[Start of section]

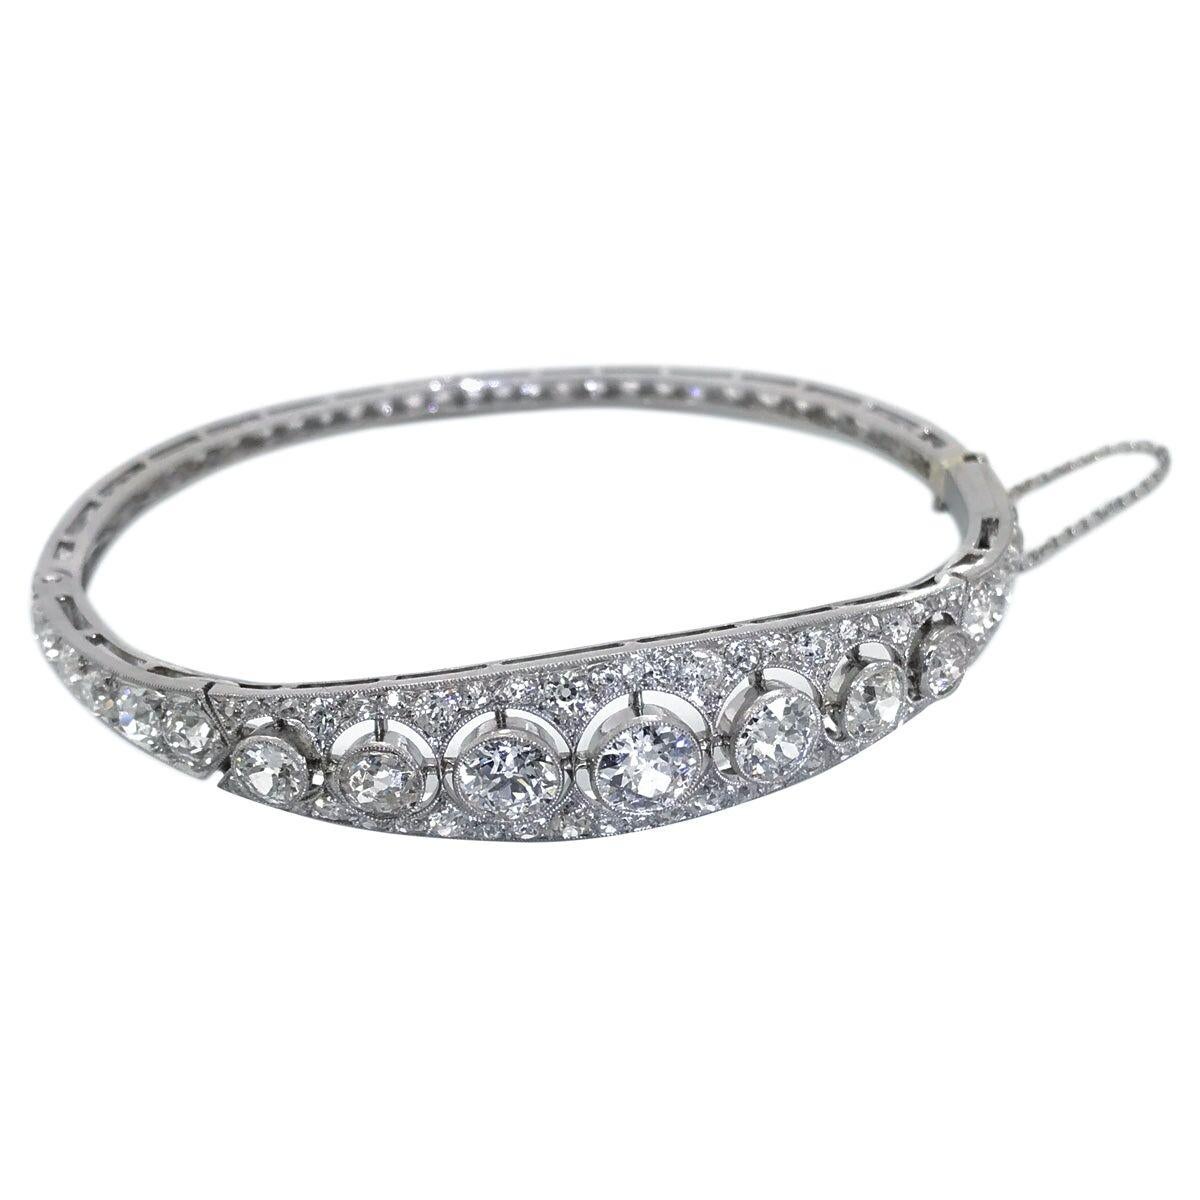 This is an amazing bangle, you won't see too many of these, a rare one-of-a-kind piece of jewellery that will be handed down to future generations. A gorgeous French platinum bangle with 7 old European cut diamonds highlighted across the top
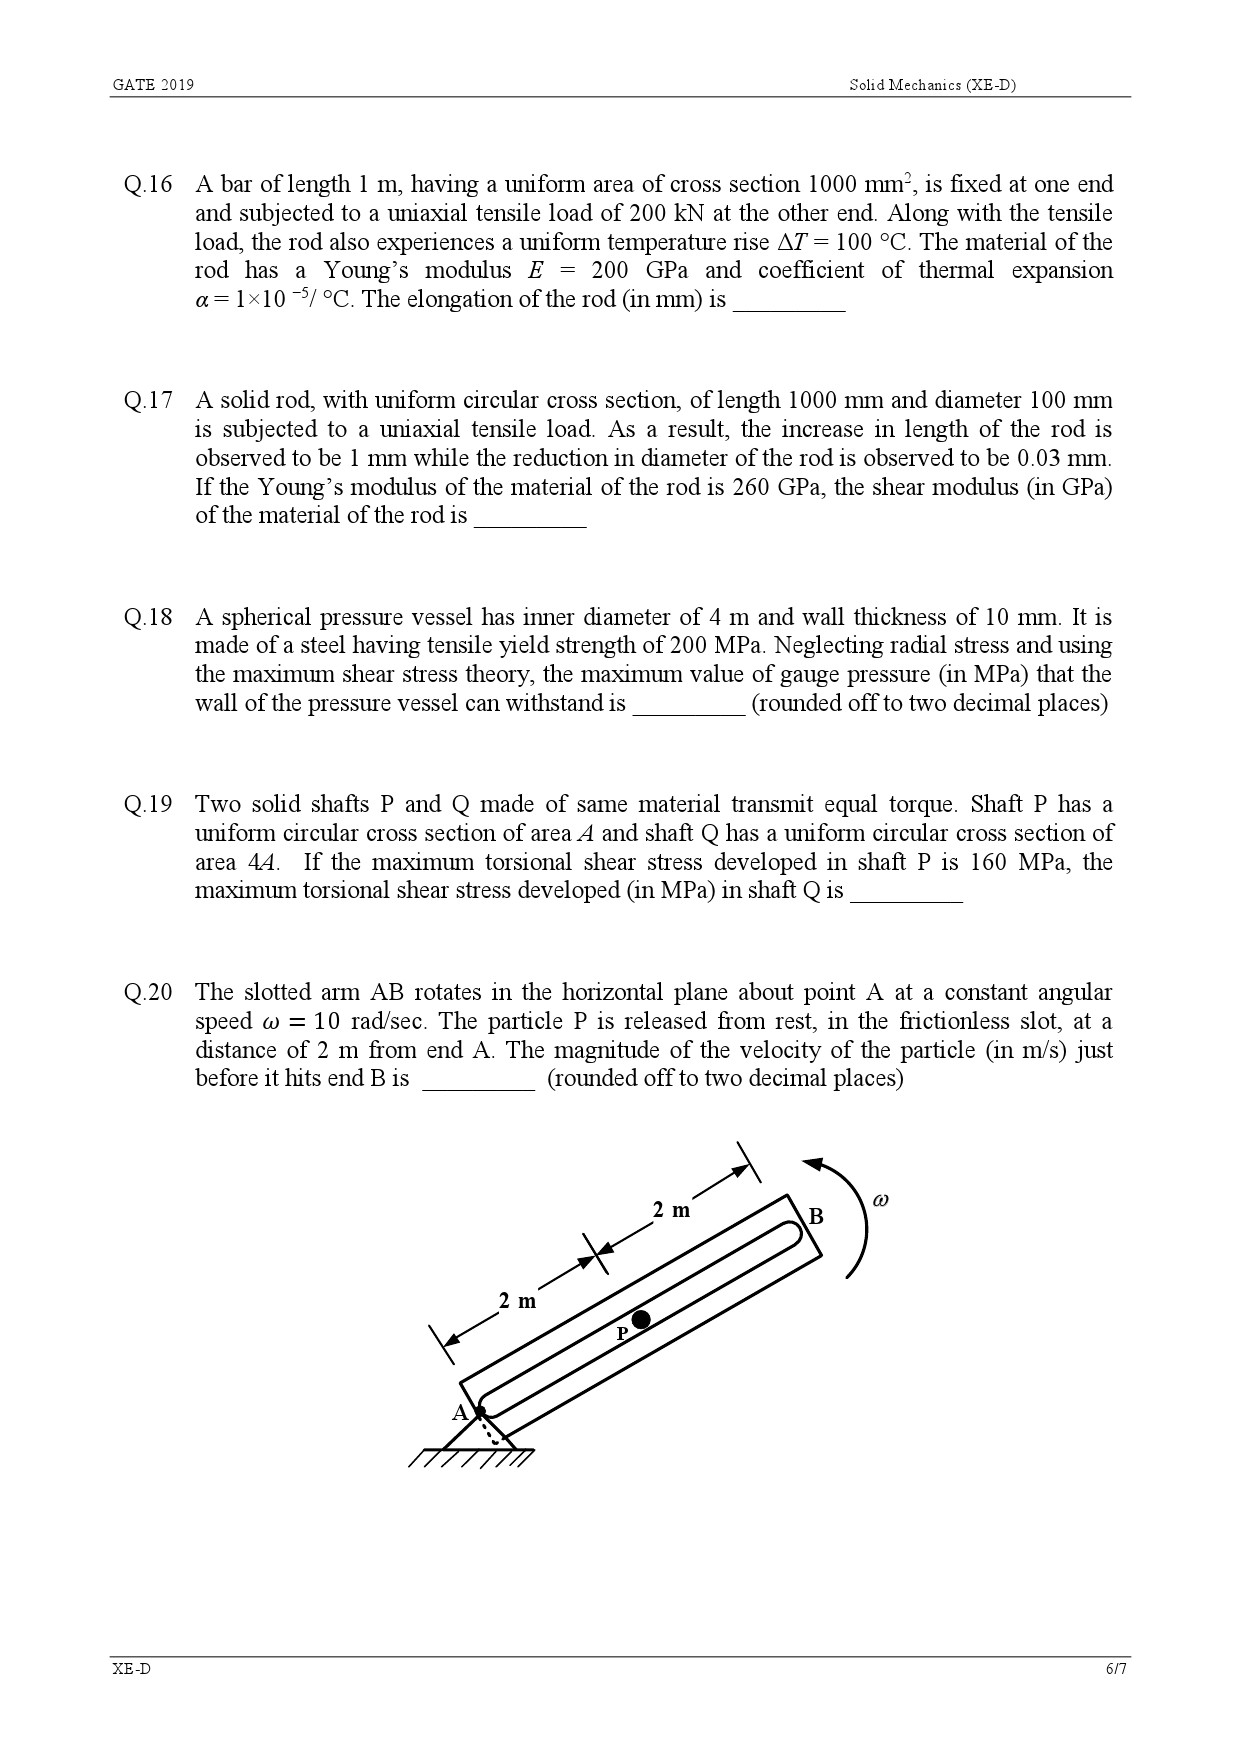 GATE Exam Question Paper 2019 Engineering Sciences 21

[End of section]
[Start of section]

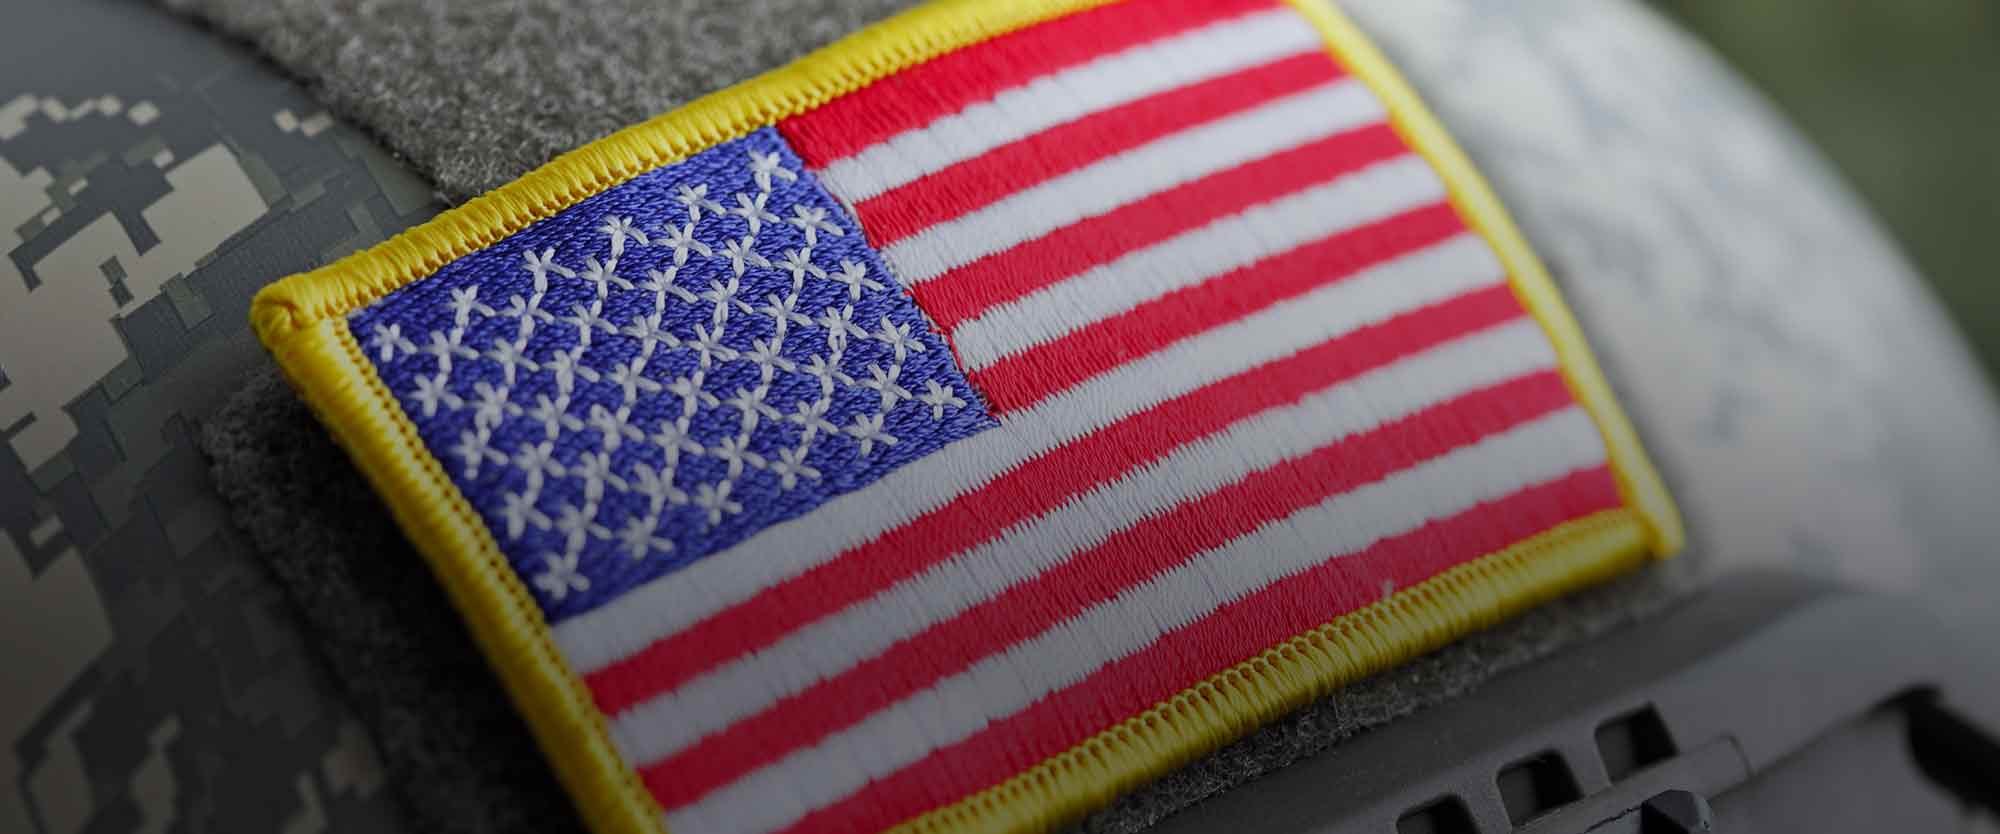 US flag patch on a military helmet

[End of section]

## Requirement:
Each line above from the one containing "This is an amazing" through the one containing "GATE Exam Question" is to be returned verbatim. Nothing else, and no pictures.

## Task output:
 This is an amazing bangle, you won't see too many of these, a rare one-of-a-kind piece of jewellery that will be handed down to future generations. A gorgeous French platinum bangle with 7 old European cut diamonds highlighted across the top
 GATE Exam Question Paper 2019 Engineering Sciences 21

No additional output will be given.